YOUR INSTRUCTIONS
Only the lines from the line containing "STOCCOLMA GIUGNO 1965" to the end of the material belong in the copy; set them down exactly, without pictures.

RAW DATA
○ ○ ○ ○
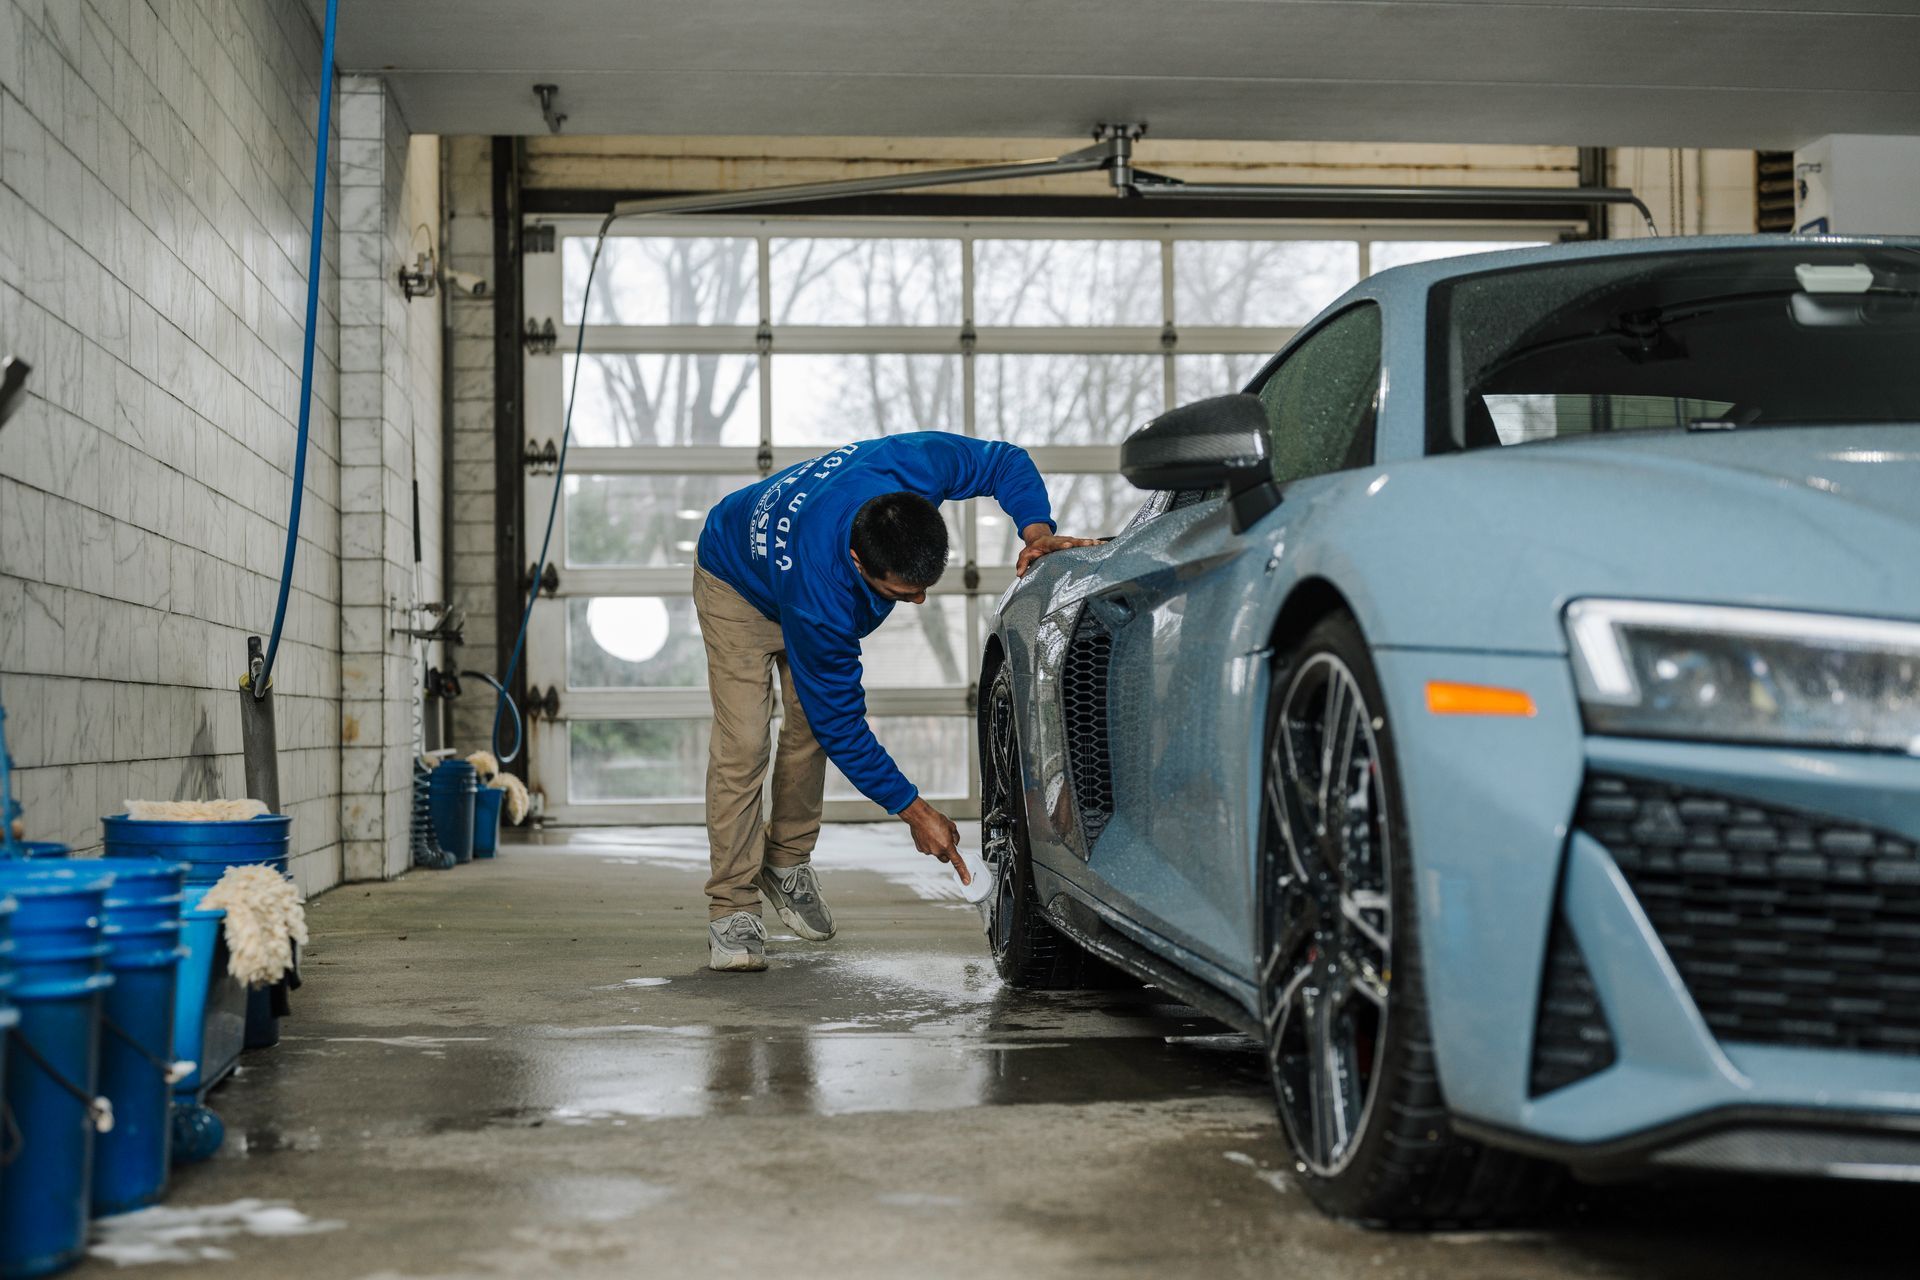 A man is washing a car in a garage.
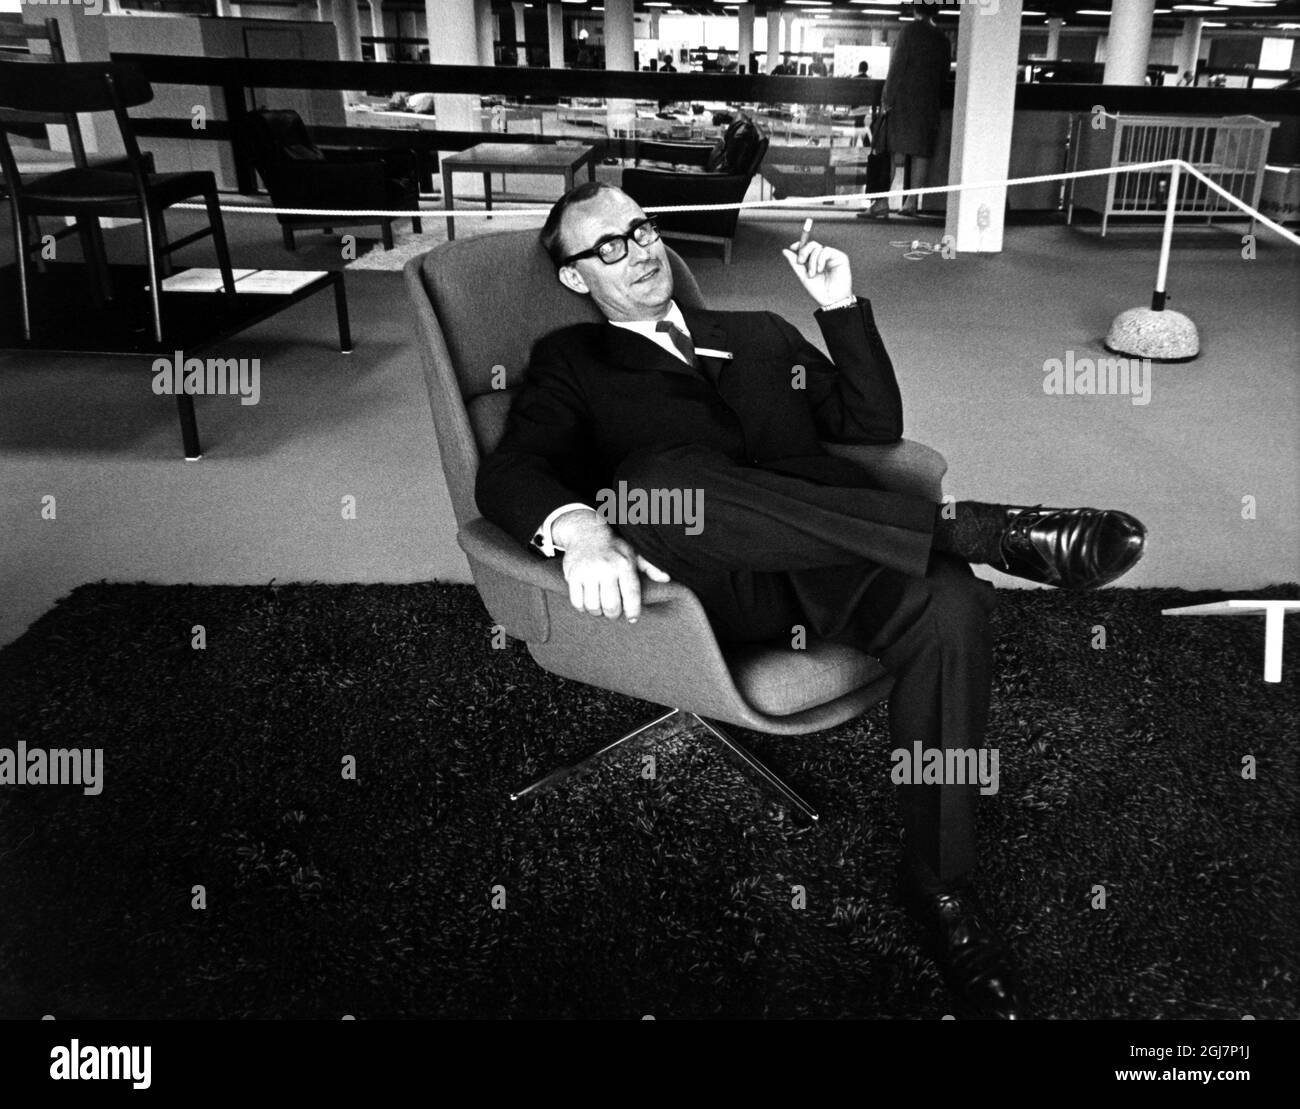 STOCCOLMA GIUGNO 1965 Ingvar Kamprad, fondatore e manager di IKEA, seduto su una poltrona per fumare un sigaretto prima dell'apertura del nuovo negozio di mobili IKEA a Skarholmen a sud di Stoccolma. Foto:Jacob Forsell / Expressen / TT / codice 14 Foto Stock
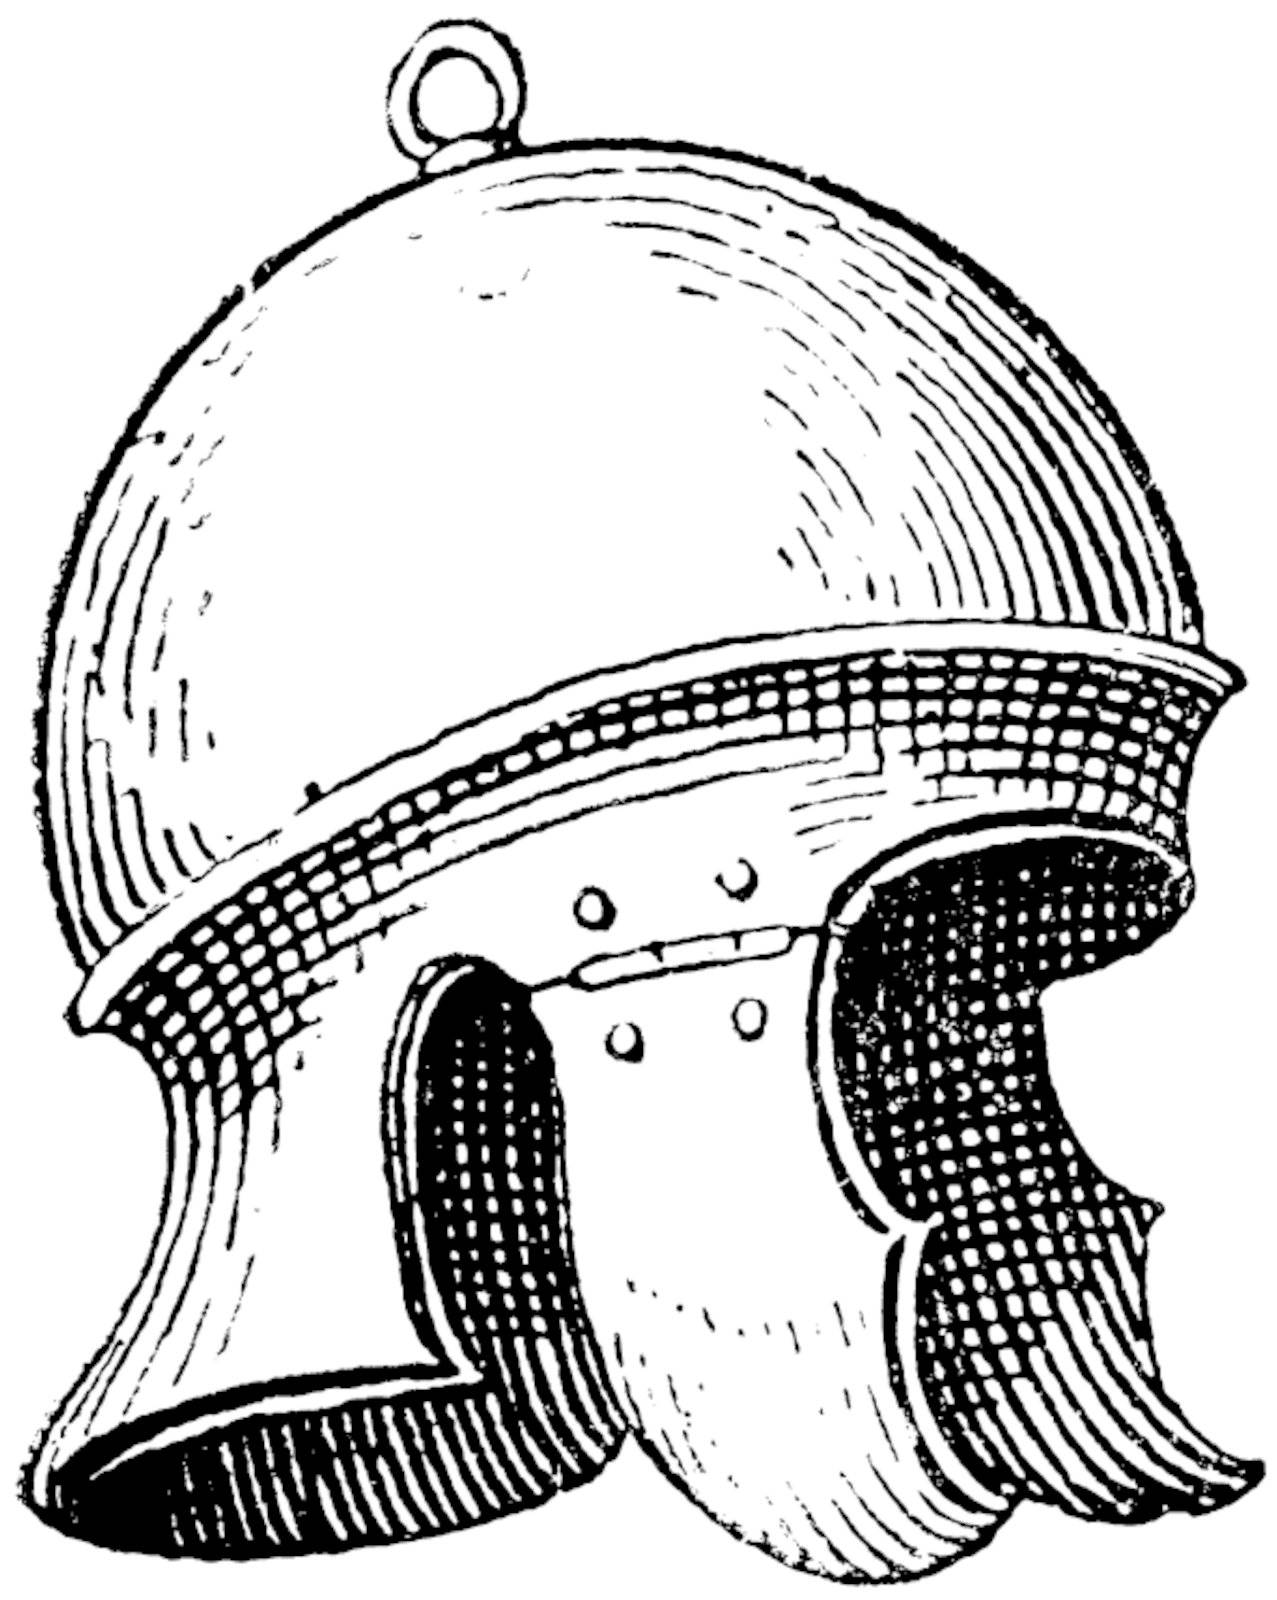 Roman legionnaire's helmet or galea vintage engraving. Old engraved illustration of legionnaire's helmet.
○ ○ ○ ○
SOLUTION FOR THIS TASK
 STOCCOLMA GIUGNO 1965 Ingvar Kamprad, fondatore e manager di IKEA, seduto su una poltrona per fumare un sigaretto prima dell'apertura del nuovo negozio di mobili IKEA a Skarholmen a sud di Stoccolma. Foto:Jacob Forsell / Expressen / TT / codice 14 Foto Stock
 Roman legionnaire's helmet or galea vintage engraving. Old engraved illustration of legionnaire's helmet.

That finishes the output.